No. American decisions and authorities are not per se controlling in this jurisdiction. Our laws must be
construed in accordance with the intention of our own lawmakers and such intent may be deduced from the
language of each law and the context of other local legislation related thereto. More importantly, they must
be construed to serve our own public interest which is the be-all and the end-all of all our laws. And it need
not be stressed that our public interest is distinct and different from others.
43. Central Bank Employees Association vs. Bangko Sentral ng Pilipinas
G.R. No. 148208 December 15, 2004
Puno, J.:


On July 3, 1993, R.A. No. 7653 (the New Central Bank Act) took effect. Petitioner filed a petition to
restrain respondent from further implementing the last proviso in Section 15(c), Article II of R.A. No. 7653, on
the ground that it is unconstitutional.

Petitioner posits that the classification is not reasonable but arbitrary and capricious, and violates the equal
protection clause of the Constitution.

Respondent BSP contends that the provision does not violate the equal protection clause and can stand the
constitutional test, provided it is construed in harmony with other provisions of the same law.

Issue: Whether the last paragraph of Section 15(c), Article II of R.A. No. 7653, runs afoul of the constitutional
mandate that "No person shall be . . . denied the equal protection of the laws."

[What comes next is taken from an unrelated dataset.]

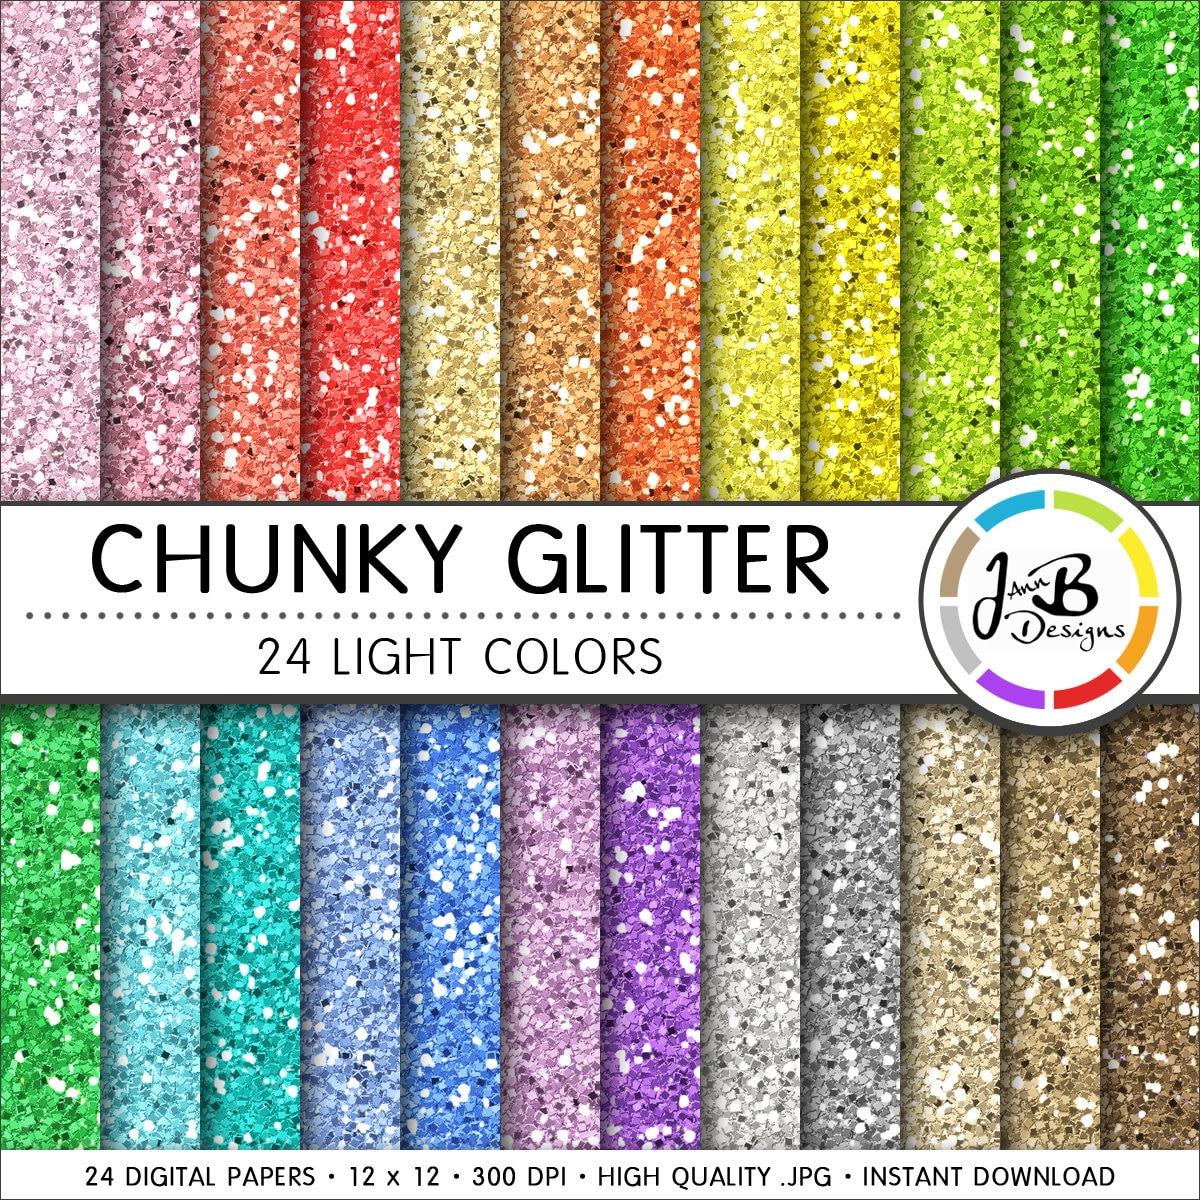 How to scrapbook with glitter - Glitter Digital Paper Glitter Paper Scrapbook Paper Chunky Glitter Glitter Glitter Texture Glitter Digital Glitter Background Light

Held: No R.A. 7653 is valid under the present standards of equal protection clause. The constitutionality of a
statute cannot, in every instance, be determined by a mere comparison of its provisions with applicable
provisions of the Constitution, since the statute may be constitutionally valid as applied to one set of facts and
invalid in its application to another. A statute valid at one time may become void at another time because of
altered circumstances. Thus, if a statute in its practical operation becomes arbitrary or confiscatory, its
validity, even though affirmed by a former adjudication, is open to inquiry and investigation in the light of
changed conditions.

Supreme Court cited the U.S. case of Vernon Park Realty v. City of Mount Vernon, 27 where the Court of
Appeals of New York ruled:

While the common council has the right to enact zoning laws designed to promote public health, safety and
general welfare, such power is subject to the constitutional limitation. By the same token, an ordinance valid
when adopted will nevertheless be stricken down as invalid when, at a later time, its operation under
changed conditions proves confiscatory.